**Assigned task:** Would you copy exactly the lines in the data below from the one that has "Peter Kloeppel durchleuchtet" through the one that has "RTL+ gestattet. +++", dropping any pictures?

**Recorded information:**
++++
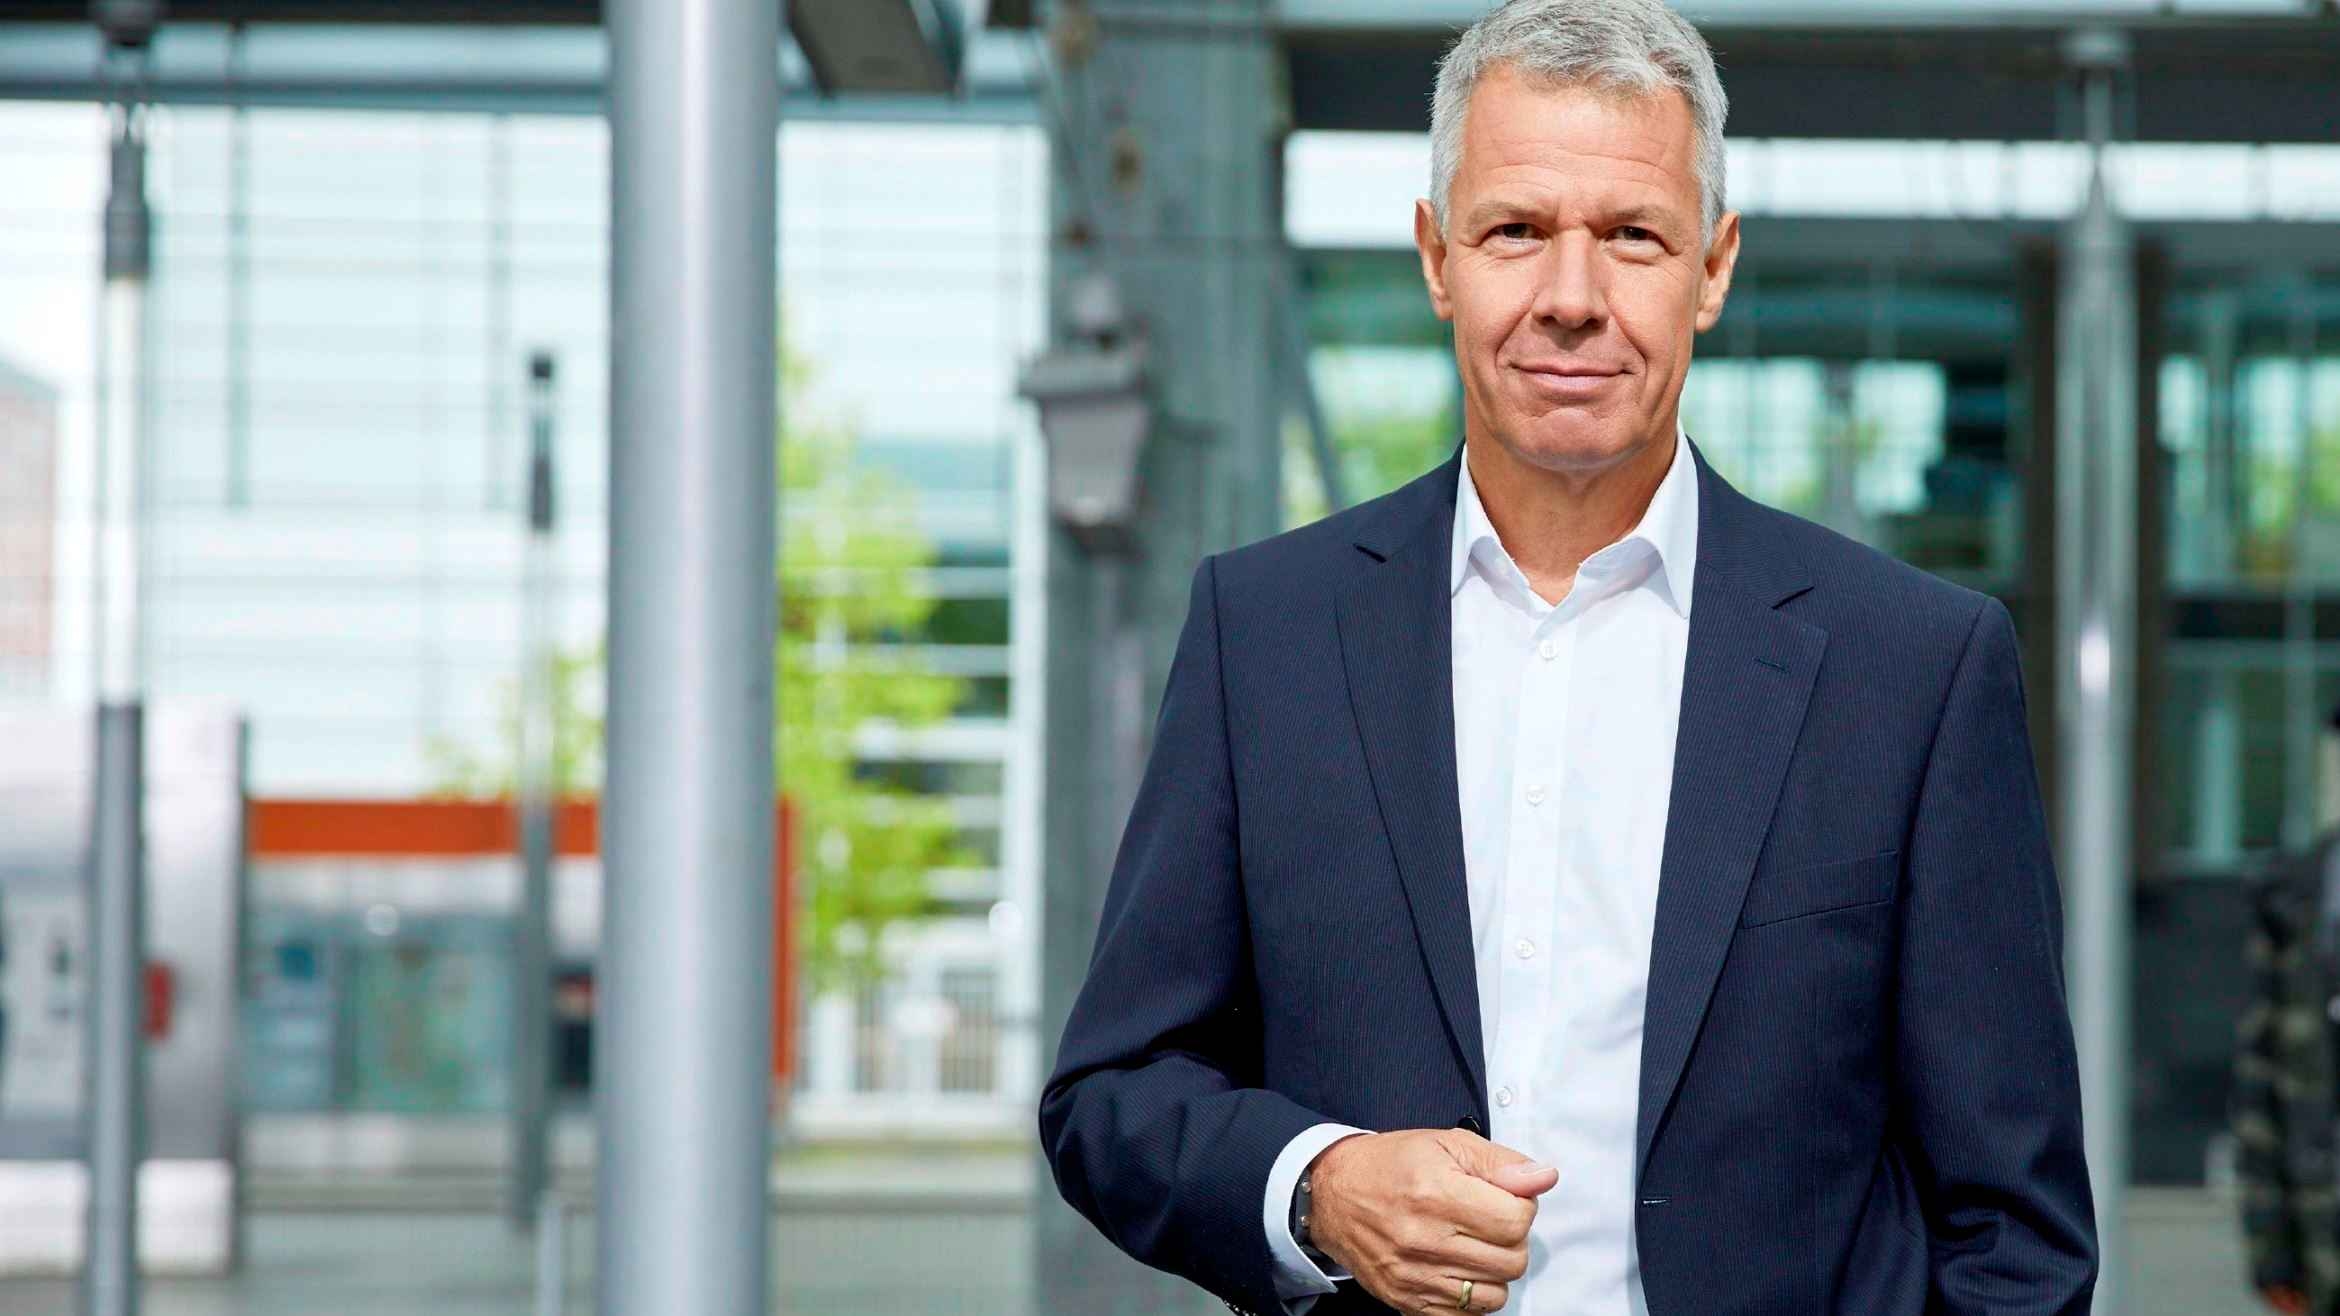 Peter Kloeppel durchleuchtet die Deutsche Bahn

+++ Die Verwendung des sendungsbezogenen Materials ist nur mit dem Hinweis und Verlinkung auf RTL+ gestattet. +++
++++
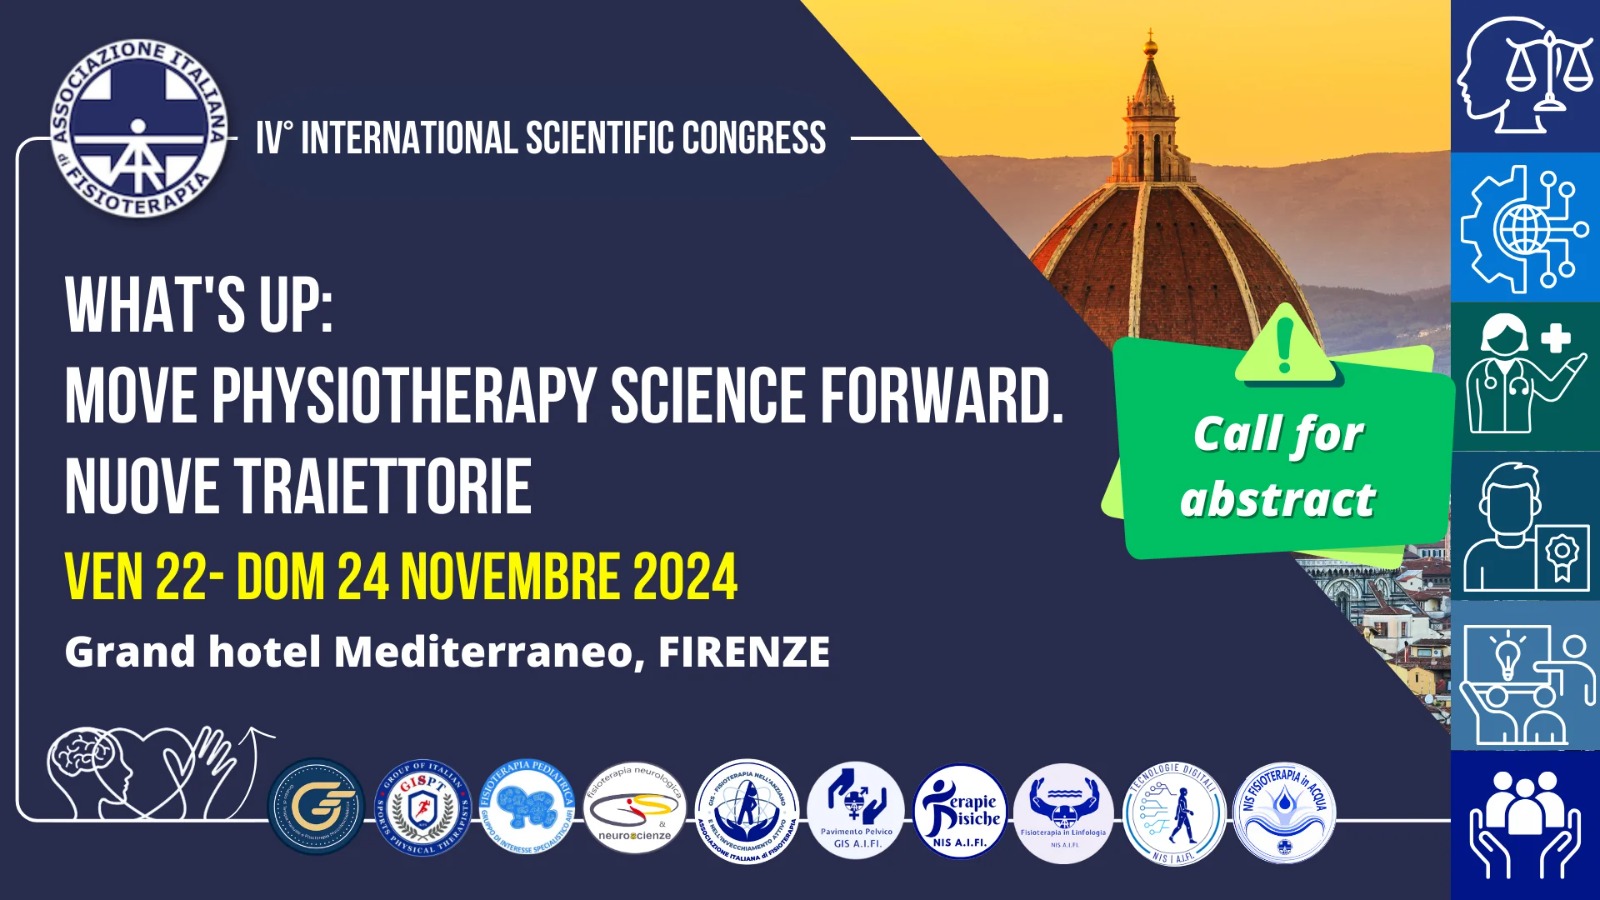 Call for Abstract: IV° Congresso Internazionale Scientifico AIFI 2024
++++
**Response to the exercise:**
 Peter Kloeppel durchleuchtet die Deutsche Bahn

+++ Die Verwendung des sendungsbezogenen Materials ist nur mit dem Hinweis und Verlinkung auf RTL+ gestattet. +++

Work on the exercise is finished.